Cold air sliced through my chest, and I shook my head. “I can’t do this.”

Jax didn’t let up. “What your parents didn’t realize is that they’d hired an electrician who wasn’t on the up-and-up. Who cut corners on the job sites so he could pocket more money. His license was under investigation for a bang-up job on the previous house he worked on. What your parents didn’t know when they moved you all in and were happy and celebrating, was that the electrician hadn’t followed the installation codes on the dimmer switch in the hallway on the second floor—the floor with all the kids’ bedrooms.”

Dipping my chin, I squeezed my eyes shut. It was a bad idea because I could see that night clearly. To the day I died, I’d be able to see that night, to waking up with my brand-new room, with its pink walls and my name spelled out in block letters attached to the wall, filled with smoke. I’d never forget that the first big breath I dragged in had scorched the very inside of my throat and chest.

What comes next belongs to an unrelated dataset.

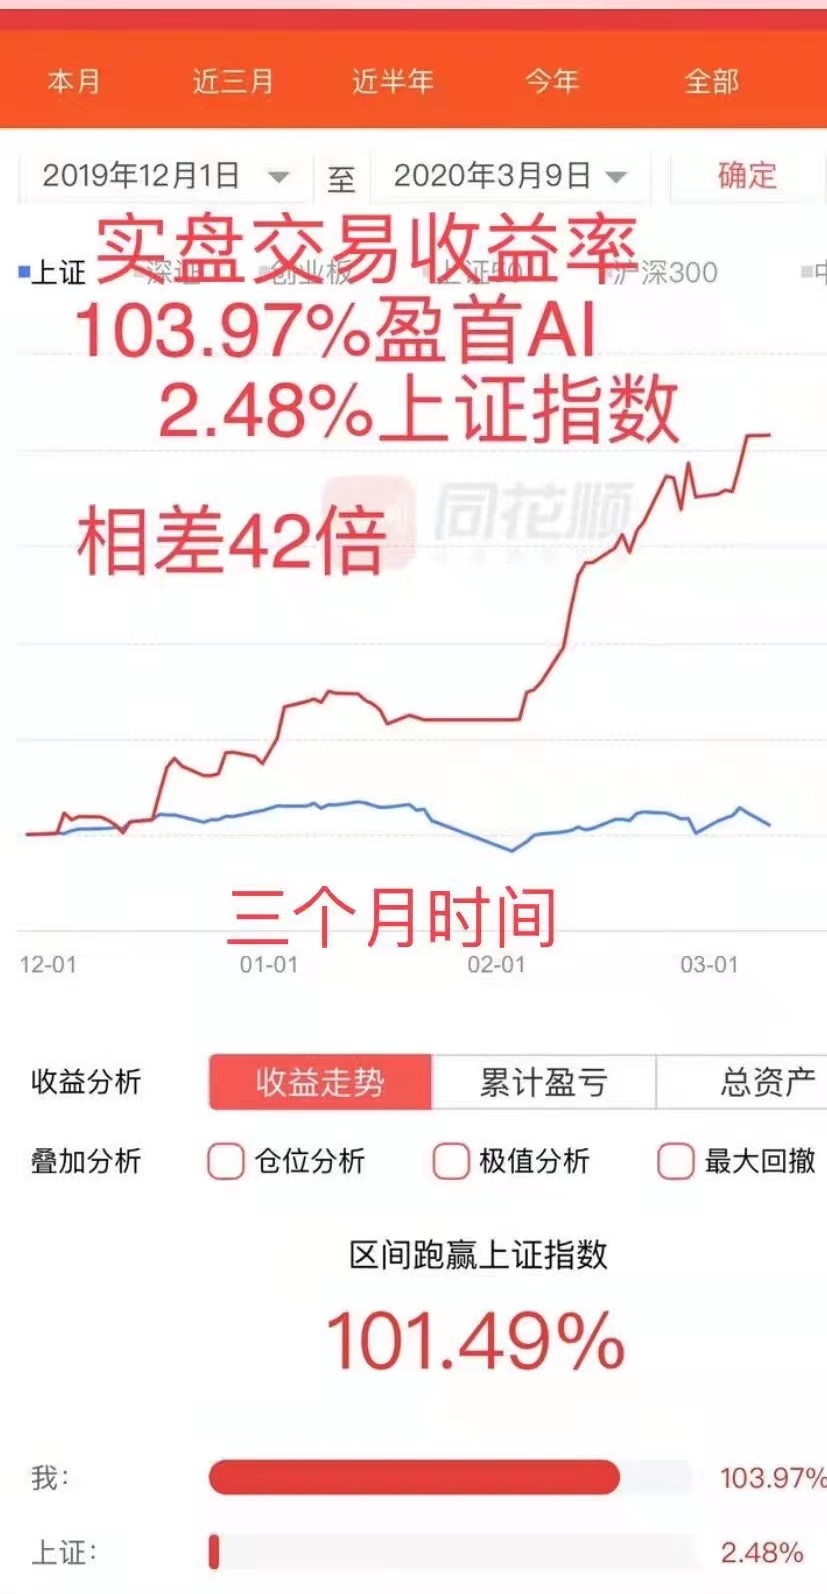 最新一个月获利34.69%!同期大盘跌8.8% !《盈首AI全自动炒股机器人》超级机构版实盘账户收益率跑赢同期深圳成指～43.4%!
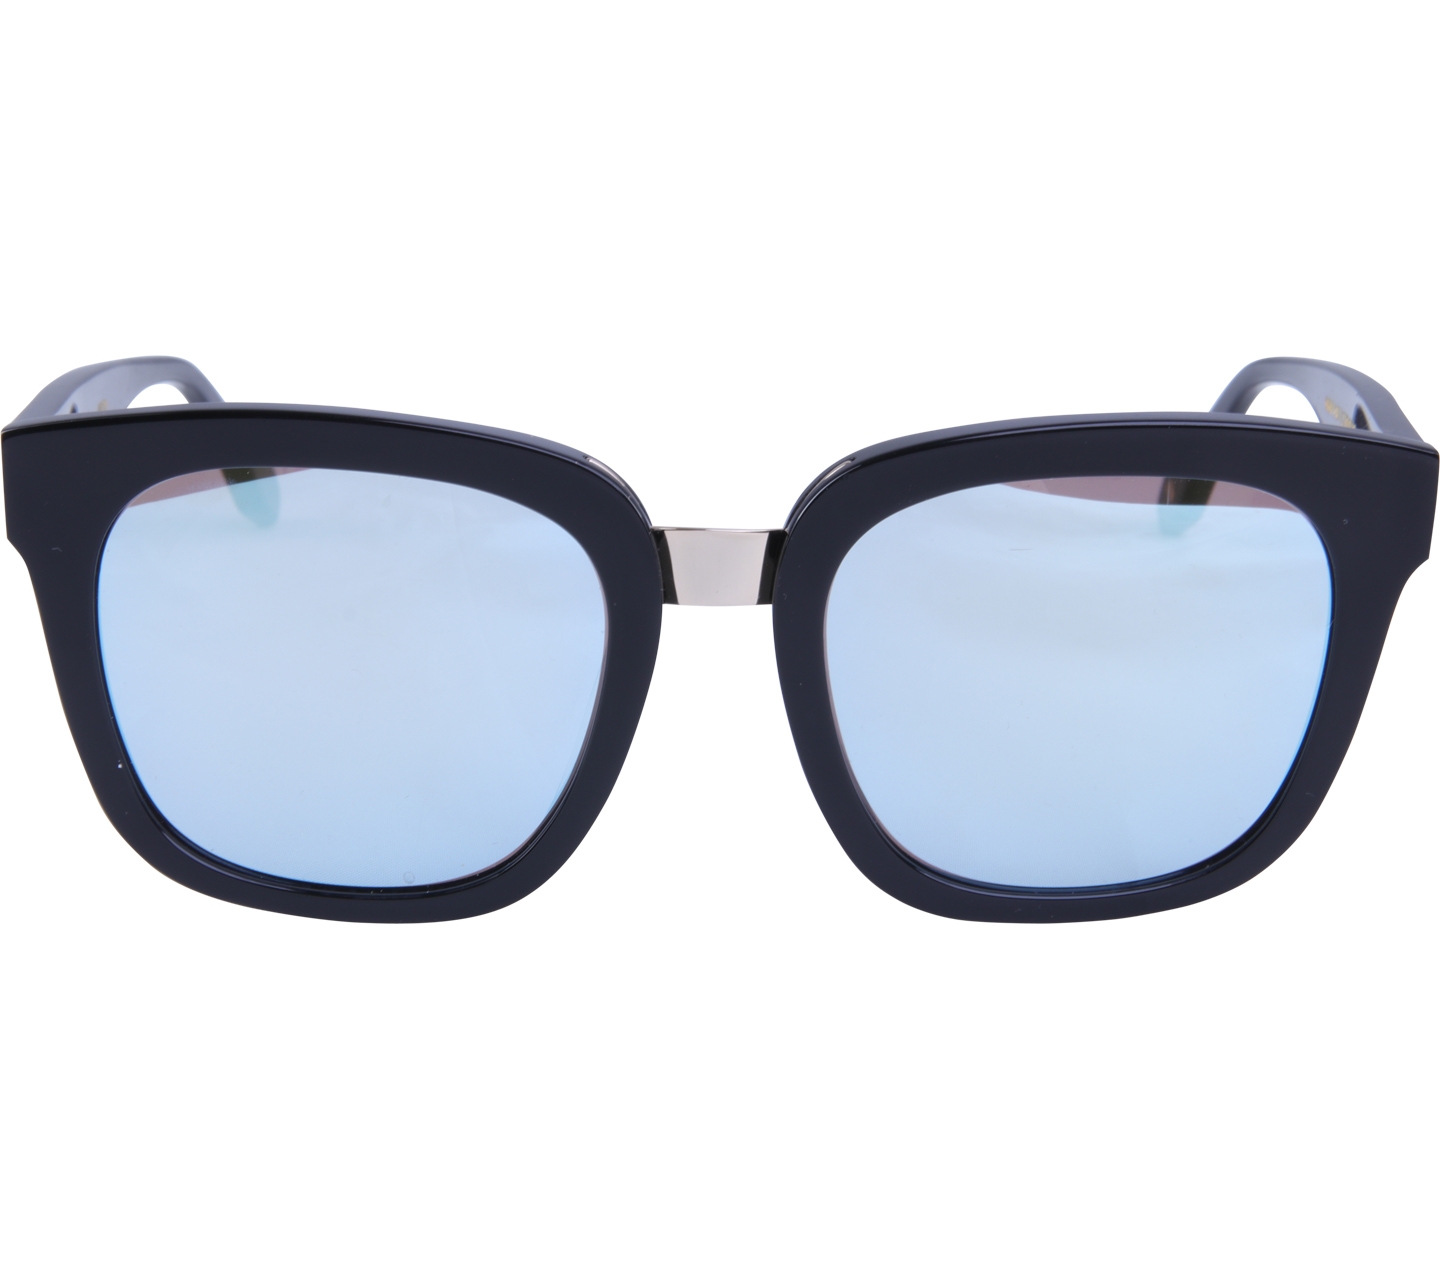 V-Eyewear Black And Blue Sunglasses

Panic poured into me as I’d stumbled off the bed and saw the pink paint peeling from the walls, the terror when I opened the bathroom door and the entire world exploded. Smoke had turned yellow and brown—I remembered that—a moment before it all happened. Glass shards had been flung through the air, slicing into my skin. Flames were everywhere, seeming to crawl across the floor and lick over the ceilings and walls. It was like a giant flash. And there had been screams. Horrific screams that no horror movie could even really replicate and some of them had been mine. Some of them had been Kevin’s.